Finding the perfect house typically proves the easiest step in the path to homeownership. Choosing the right mortgage rates as the most critical decision, as you determine how much interest your choice of mortgage will cost you, depending on the length of the mortgage and whether you choose a fixed- or variable-rate mortgage.
When you take out a mortgage to purchase a home, your lender will require that you repay the loan principal, plus interest, on a fixed schedule of payments. The amount of interest accrued on the loan depends primarily on the length of the mortgage, the interest rate your lender charges and whether you take out a fixed-rate or variable-rate mortgage, also known as an adjustable-rate mortgage or ARM. With a fixed-rate mortgage, your interest rate does not change. With an ARM, your interest rate can change frequently and substantially over the life of the loan.
How They Work
The Federal Reserve Board defines ARMs as mortgages with a fixed interest rate for a set period of time, after which your interest rate may change many times. Lenders may set the initial fixed-rate term at one month to 10 years, with interest-rate adjustments occurring each month, quarter, year or more.
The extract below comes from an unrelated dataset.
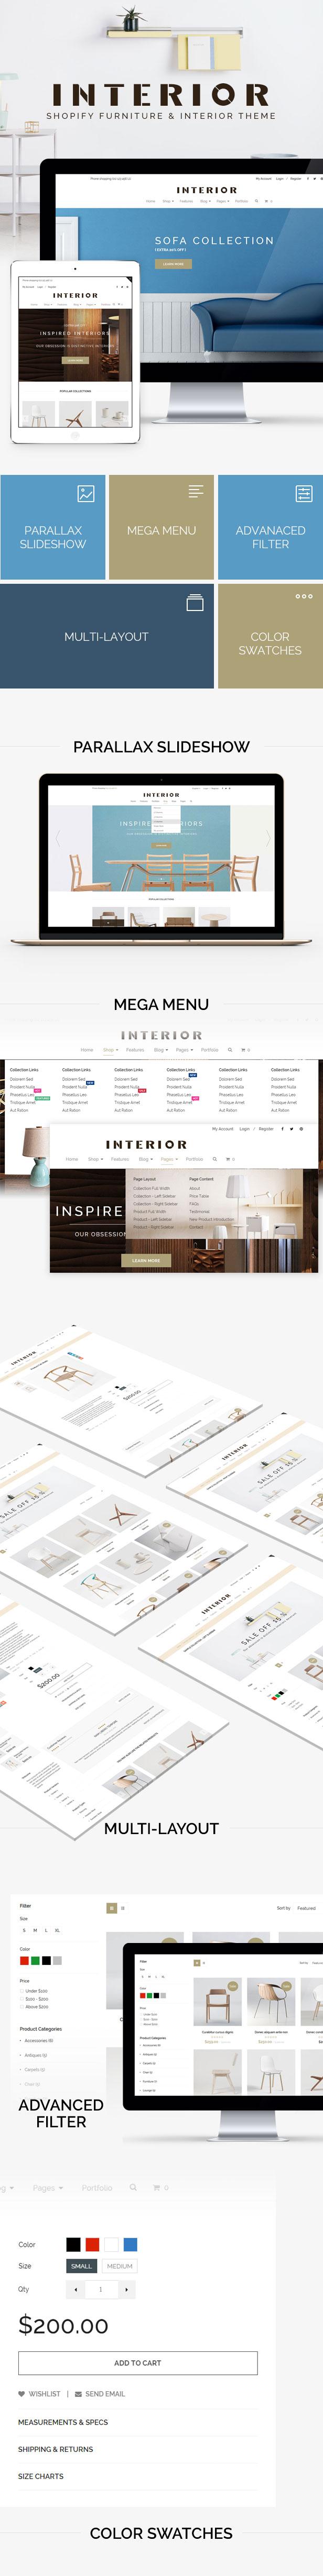 Minimalist Interior & Furniture Shopify Theme

A 5/1 ARM, for instance, uses a five-year fixed-rate period, with the interest rate subject to change every year thereafter. Most ARMs have a limit or cap on how high or low the interest rate may fluctuate at any given time.
Types of ARMs
Typical ARMs, known as amortizing-payment ARMs, have payments much like a fixed-rate mortgage, where a portion of each payment goes toward the original loan balance and the rest toward principal. While structured similarly, an accelerated amortizing payment ARM offers a much shorter length of the loan -- usually 15 years or less. An interest-only ARM features an initial deferment of principal payments, resulting in lower payments that satisfy only the accrued interest, for a set period of time. The riskiest type of ARM, the minimum-payment ARM, serves as a variation on the interest-only ARM. It defers principal payments and the lender doesn't require you to pay all of the interest as it accrues. The lender then adds the unpaid interest to your original loan balance until the deferment period ends and you begin regular principal and interest payments.
Variable-rate mortgages mean more risk for you and less risk for the lender, so lenders try to make these more attractive through lower initial interest rates and fewer fees. Option ARMs rate as the riskiest option, with Bloomberg Businessweek dubbing them “nightmare mortgages.” If you're not planning on staying in your new home past the initial fixed-rate term of the mortgage, however, a variable-rate mortgage could be your best choice.